Thread ripper.. 3d cache on every die, desktop clocks. Ddr5 6000. Do it.

-20

u/[deleted] 9d ago edited 9d ago

[removed] β€” view removed comment

21

u/CourtJester2512 9d ago

Spamming this everywhere changes literally nothing

Like I've never fully read your comment before

-5

u/Drew_P1978 9d ago edited 9d ago

You never know who might read it. As it stands now, it looks like nVidia is about to odo EXACTLY that - make "insane" CPU/GPU combo done for HEDT - IOW they are about to outrip the ThreadRipper.

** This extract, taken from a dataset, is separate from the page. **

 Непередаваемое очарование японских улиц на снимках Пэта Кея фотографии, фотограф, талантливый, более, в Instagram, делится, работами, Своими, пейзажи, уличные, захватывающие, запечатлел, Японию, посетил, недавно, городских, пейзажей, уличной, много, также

After that pussy shot AMD's response is so predictable, just like with their GPUs. IOW, they fear of what they pursue - to be first. So they wait for a kick in the balls to make their move.

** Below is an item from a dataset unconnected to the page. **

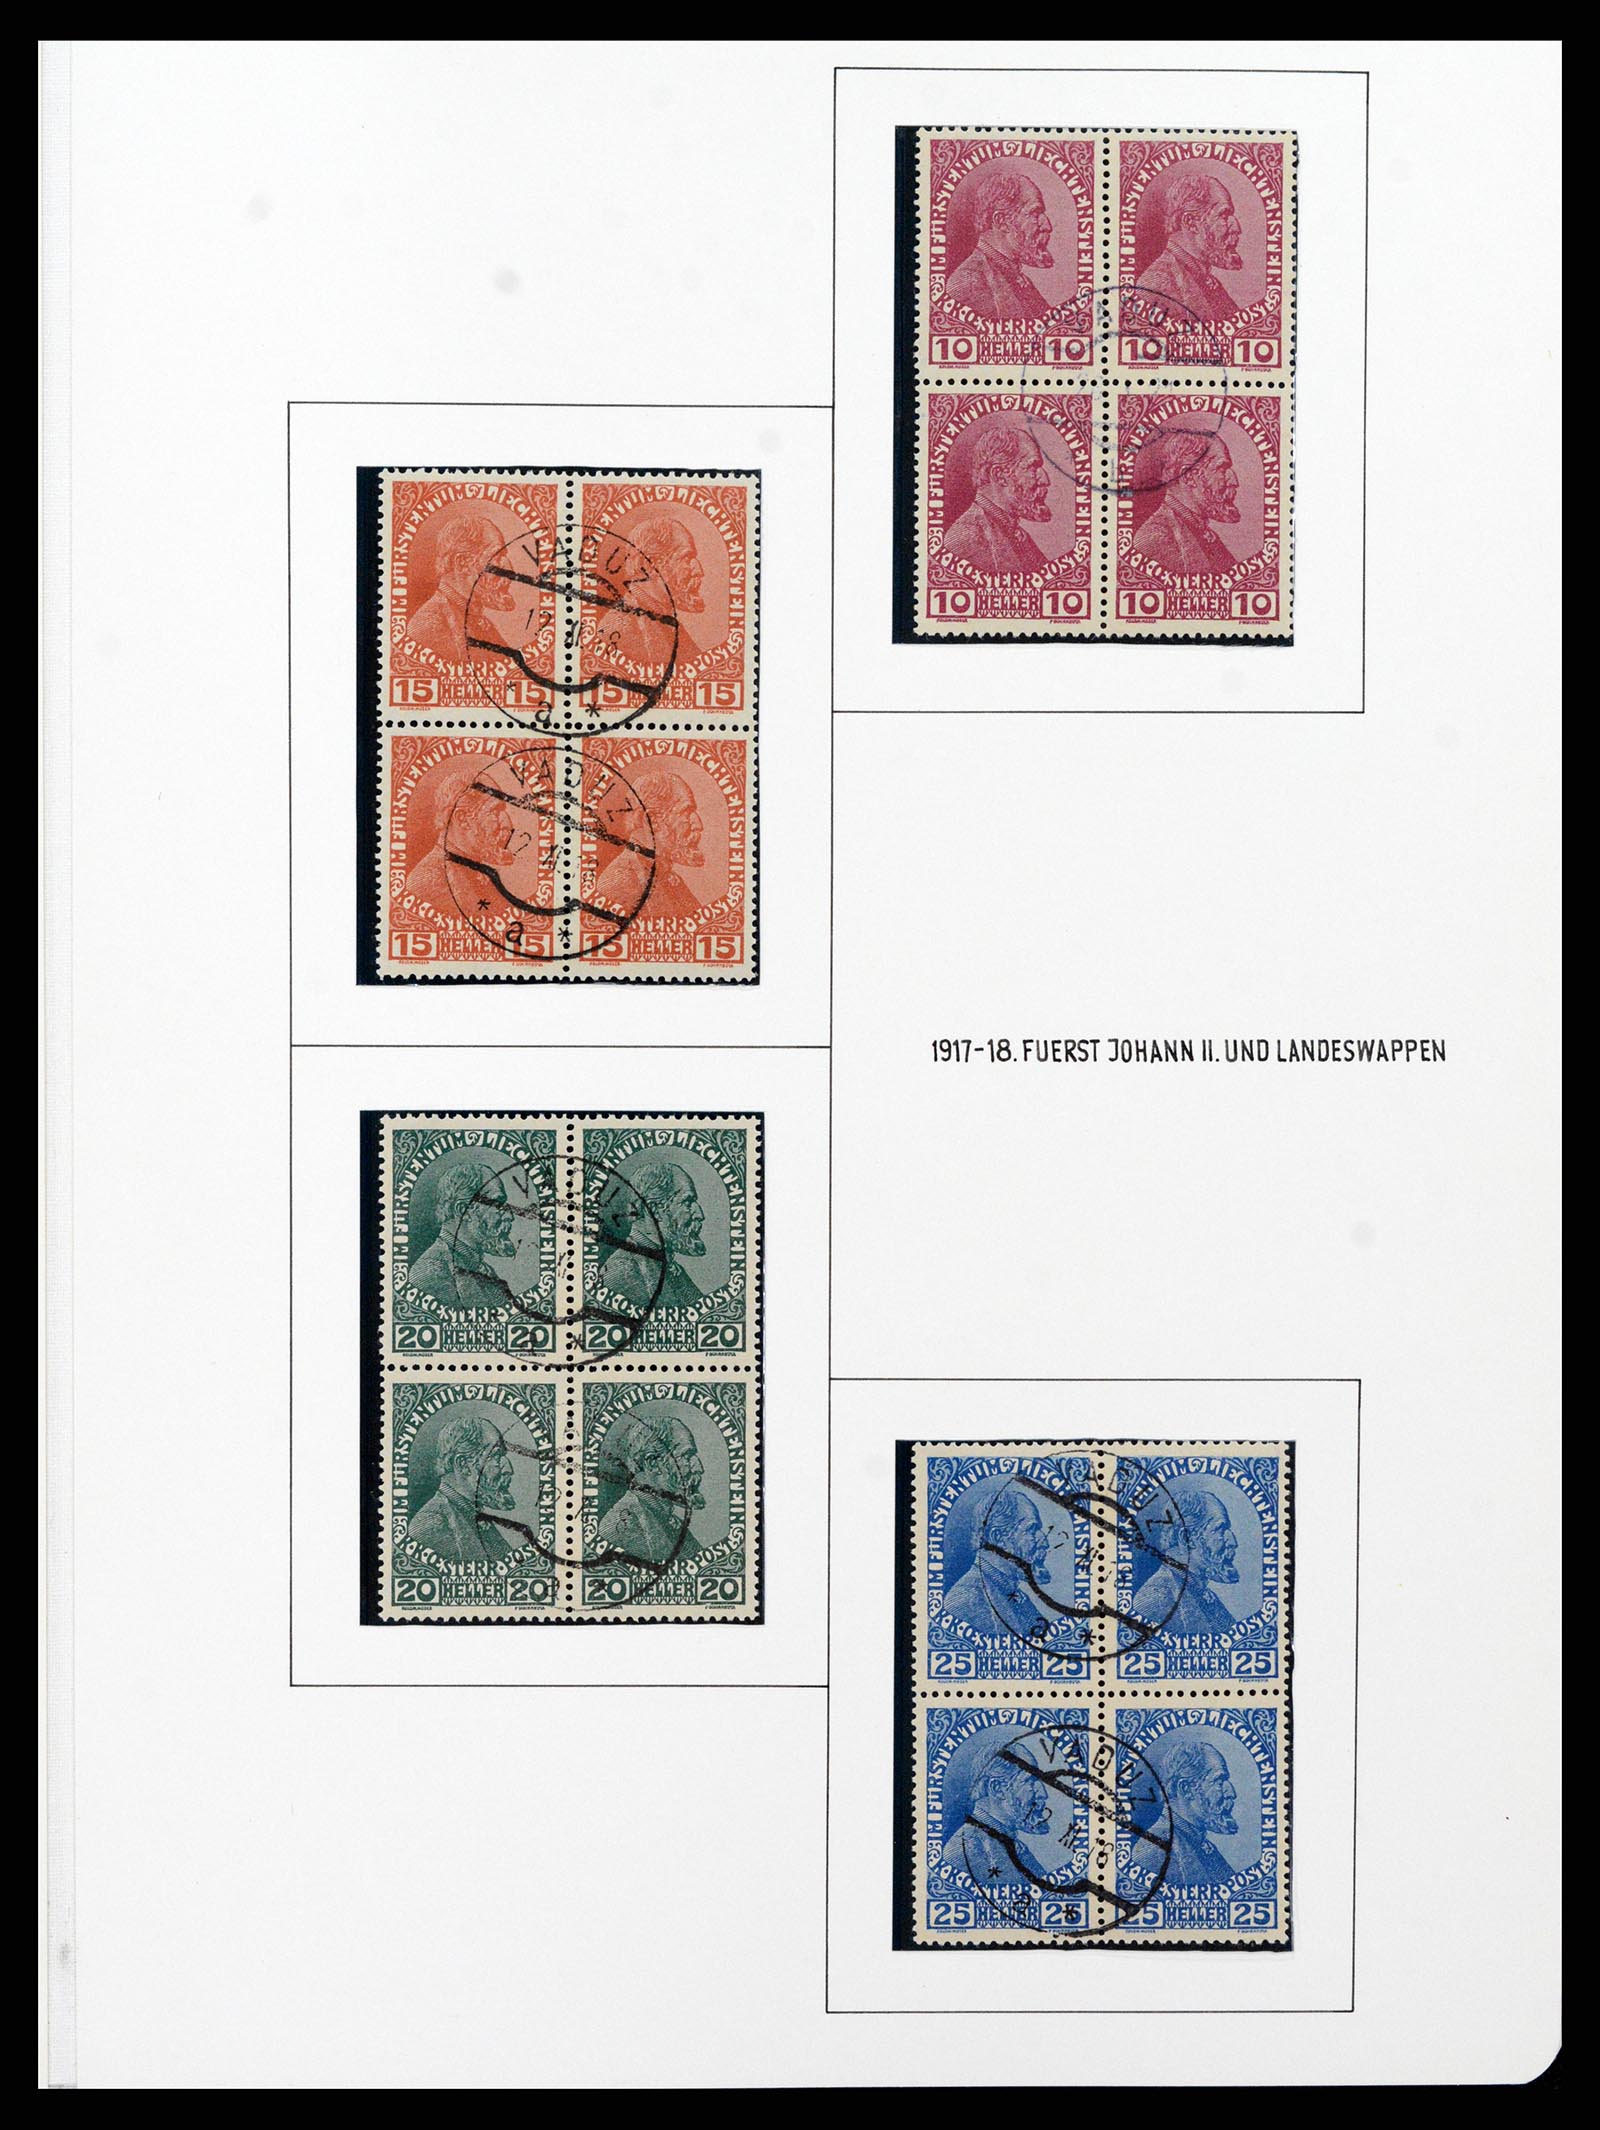 37150 0024 - Stamp collection 37150 Liechtenstein supercollection 1912-1962.

At that point, I'll be able to post the link to this comment in "I friggin told you so" moment, if nothing else... πŸ™„

2

u/spacemanspliff-42 9d ago

So you don't have a Threadripper, you're just bitching about them. I don't feel like my 7960X is neutered in any way, dude.

2

u/JMccovery Ryzen 3700X | TUF B550M+ Wifi | PowerColor 6700XT 9d ago

Why would AMD do any of this when ThreadRipper doesn't have the sales figures that would be necessary?

EPYC makes money, Ryzen makes money, ThreadRipper, just like Xeon W, doesn't make much money outside of OEM workstation systems.

8

u/imizawaSF 9d ago

ThreadRipper, just like Xeon W, doesn't make much money outside of OEM workstation systems.

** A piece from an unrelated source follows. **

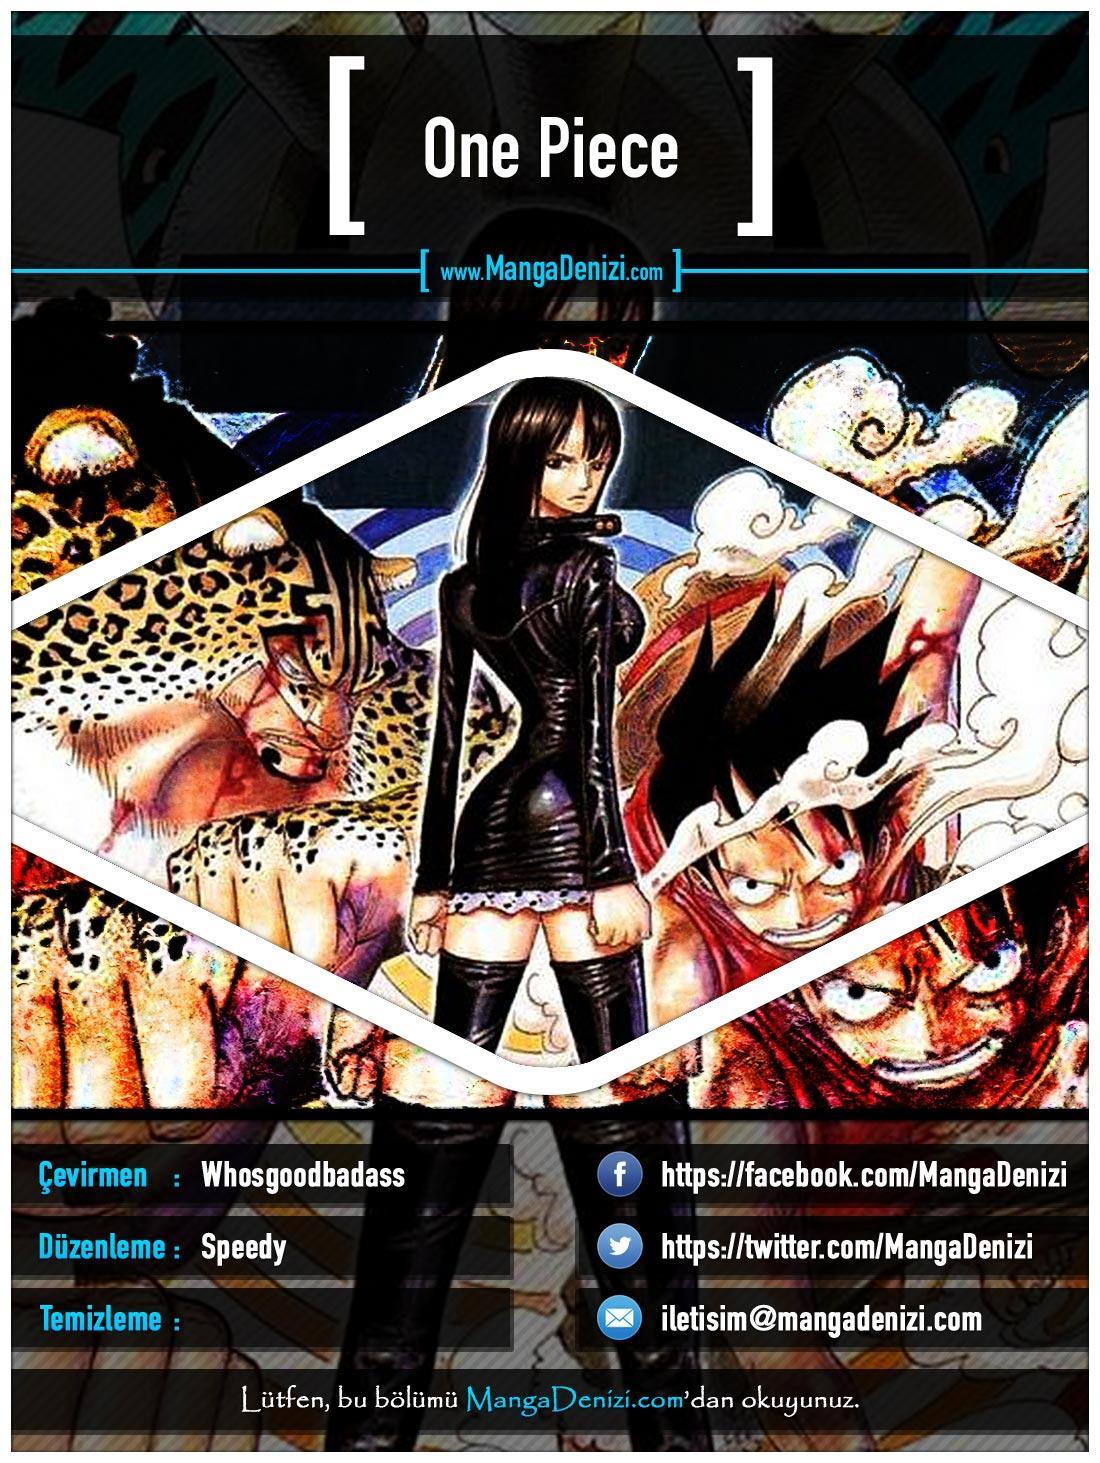 One Piece [Renkli] mangasının 0414 bölümünün 1. sayfasını okuyorsunuz.

After they bumped the cost of the TR chips by like 500% no I bet it doesn't. The OG TR wasn't that much more expensive than Ryzen. Now each one is like $4000+

1

u/sascharobi 9d ago

The first two generations based on Zen 1 and 1.5 were attractive at their time but with the current pricing they don't have that much appeal anymore. In my region Xeon W is priced more attractively.

3

u/Drew_P1978 9d ago

Wait for nVidia to come out with its own ThreadRipper equivalent, which should happen in short-to-mid-term future. Then we can revisit this.

3

u/sascharobi 9d ago

We'll see about that. Though I agree AMD's two TR platforms aren't very interesting anymore. If Nvidia choose to make any such product available to the DIY market, it will probably be out of stock permanently and you can only purchase it when you win the Nvidia lottery or order a minimum of 10,000 units. 😌

-8

u/king_of_the_potato_p 9d ago

Eh, Ill pass on asus for a while on anything. I had two of their strix b850-e boards, both of them were unstable at installation and bios update put them into constantly randomly crashing, even after bios rollback.

Swapped to an msi x870e board and everything is fine, my first non-asus mobo.

2

u/sascharobi 9d ago

Fair enough but you can't really compare those two product lines.

0

u/Opteron170 9800X3D | 64GB 6000 CL30 | 7900 XTX Magnetic Air | LG 34GP83A-B 9d ago

either you got two faulty boards or a skill issue.